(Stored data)
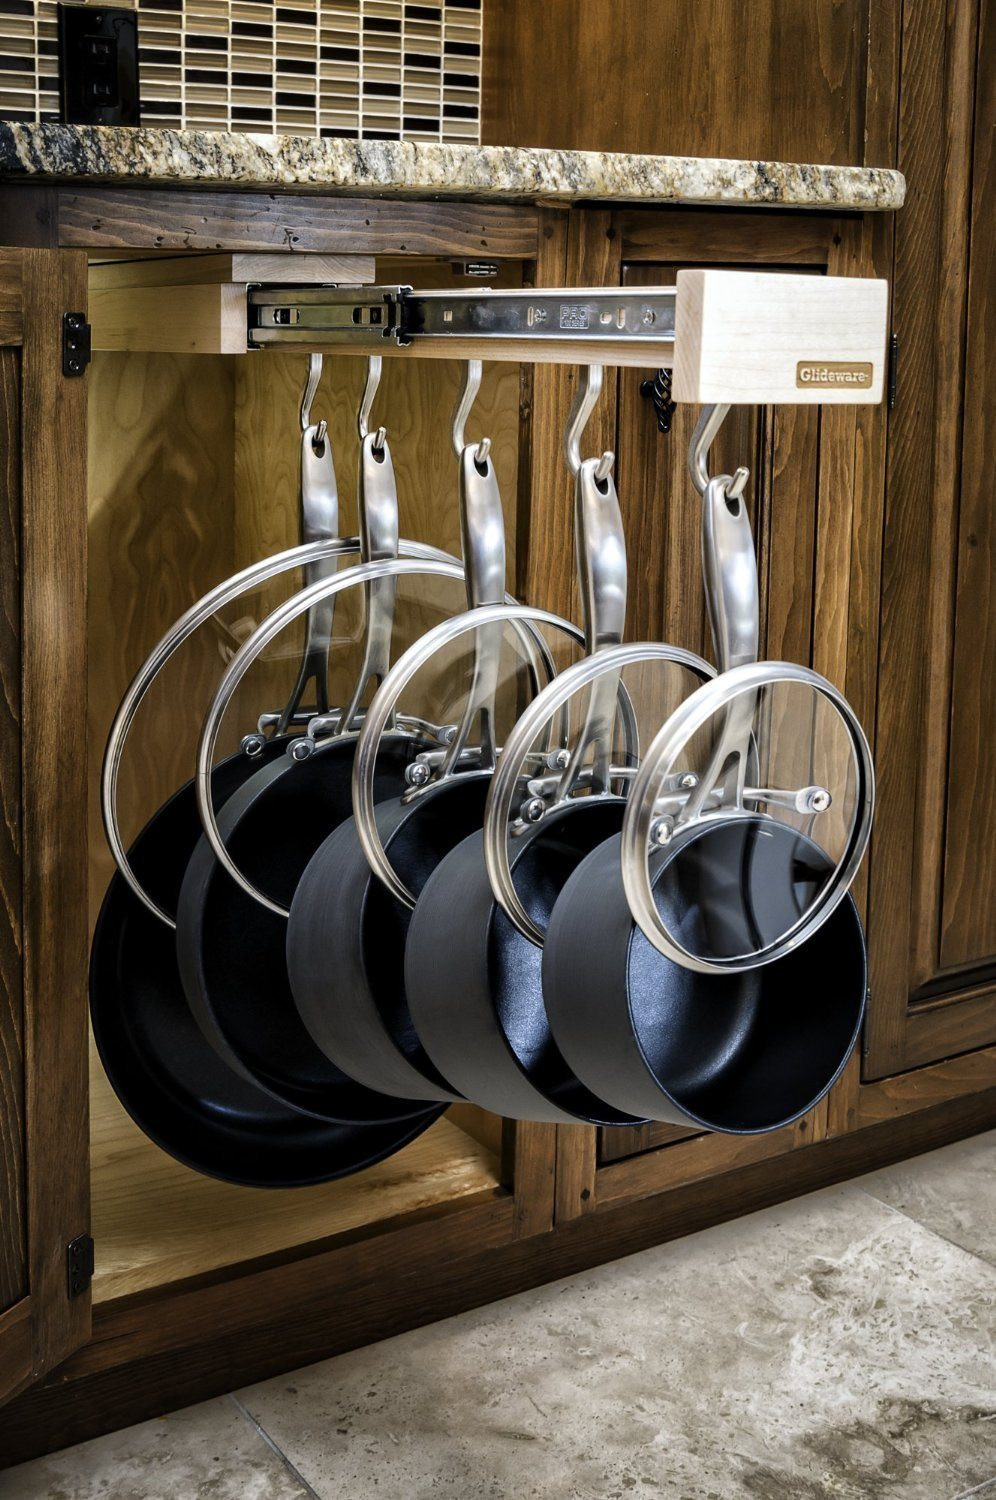 Kitchen Pots And Pans Organizer
 The Best Tool For Storing Pots And Pans Simplemost
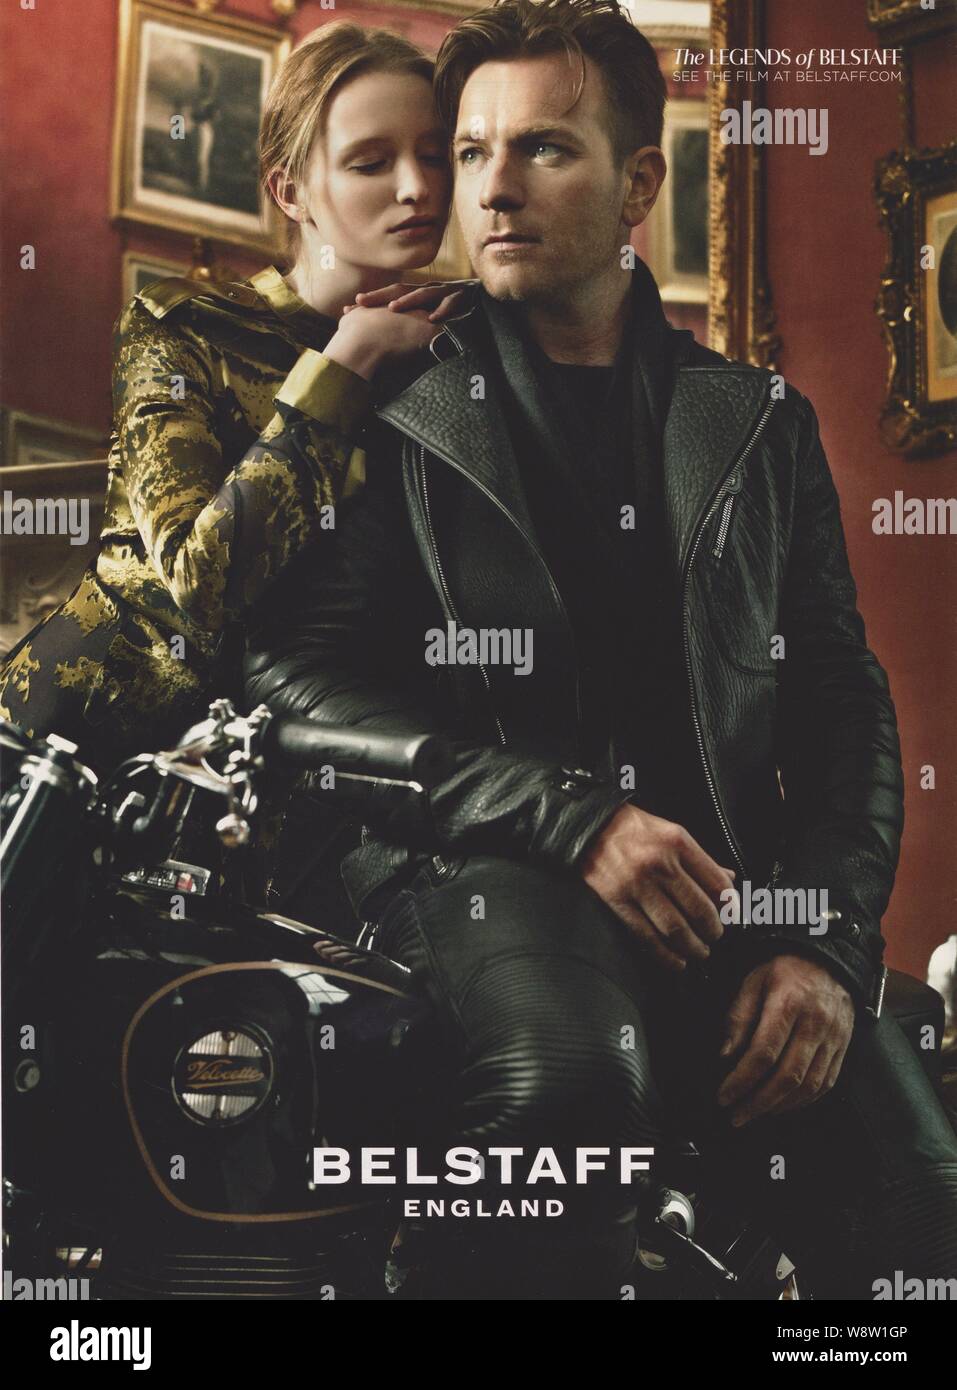 poster advertising Belstaff clothing brand with Ewan McGregor in paper  magazine from 2012 year, advertisement, creative Belstaff advert from 2010s  Stock Photo - Alamy
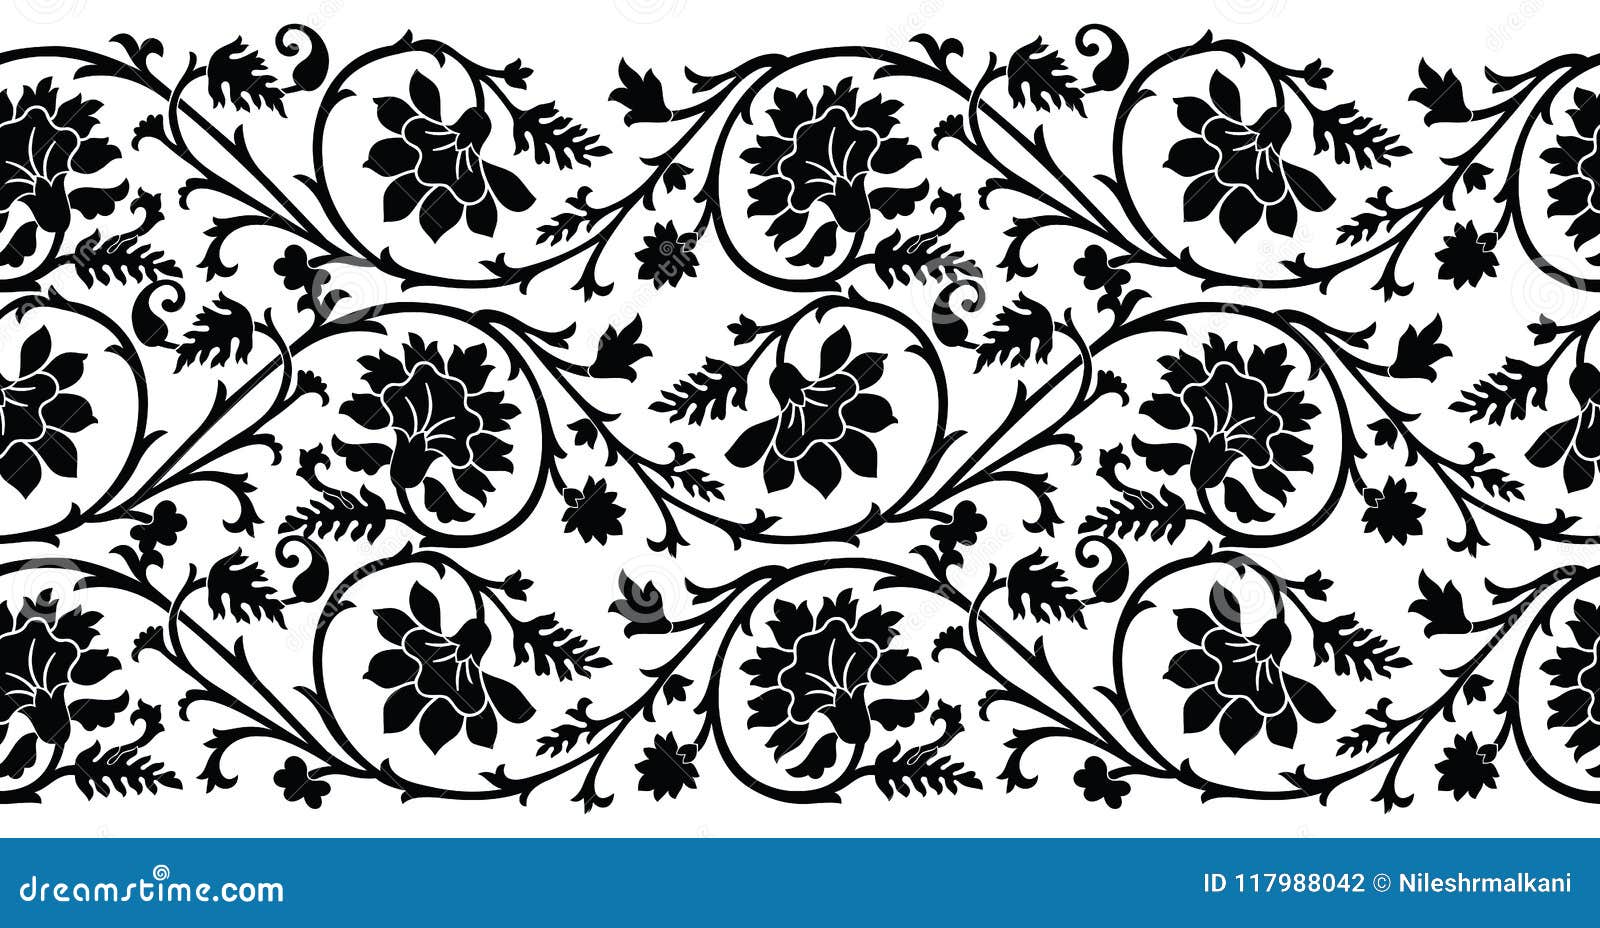 Featured image of post Flower Black And White Textile Design - Illustration about black and white pattern.
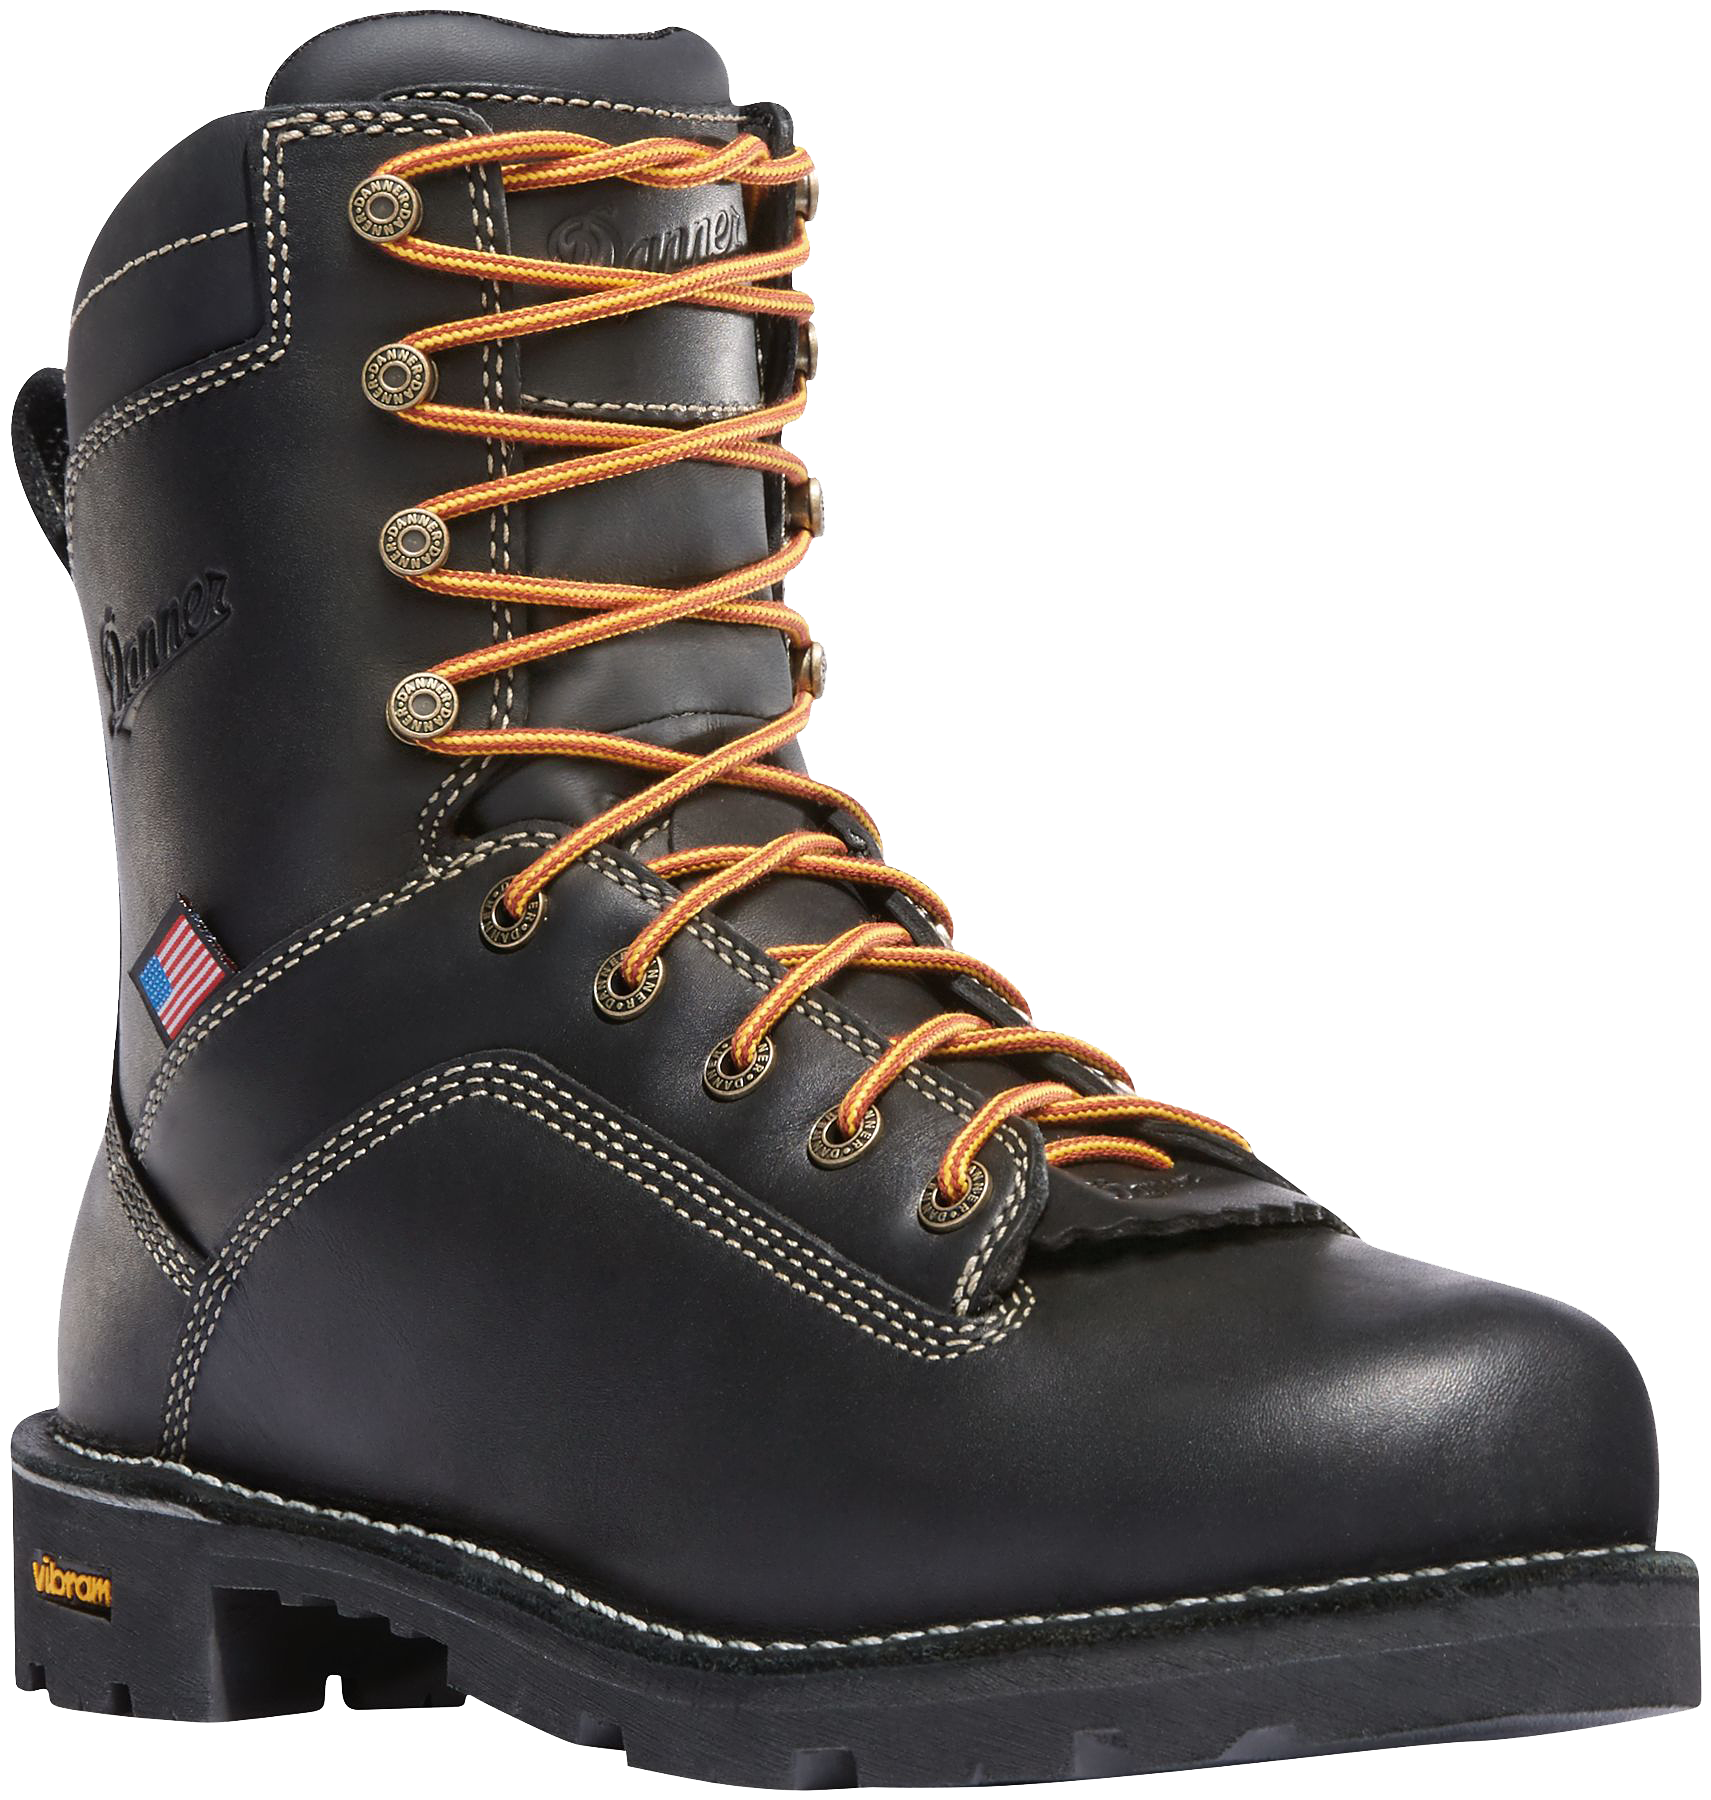 Danner Quarry USA Brown GORE-TEX Alloy Toe Work Boots for Men - Black - 9.5W

ACTIVITY →
Please write out exactly the lines from the one containing "poster advertising Belstaff" through the last line of the records above, and leave out any pictures.

TASK SOLUTION →
 poster advertising Belstaff clothing brand with Ewan McGregor in paper  magazine from 2012 year, advertisement, creative Belstaff advert from 2010s  Stock Photo - Alamy
 Featured image of post Flower Black And White Textile Design - Illustration about black and white pattern.
 Danner Quarry USA Brown GORE-TEX Alloy Toe Work Boots for Men - Black - 9.5W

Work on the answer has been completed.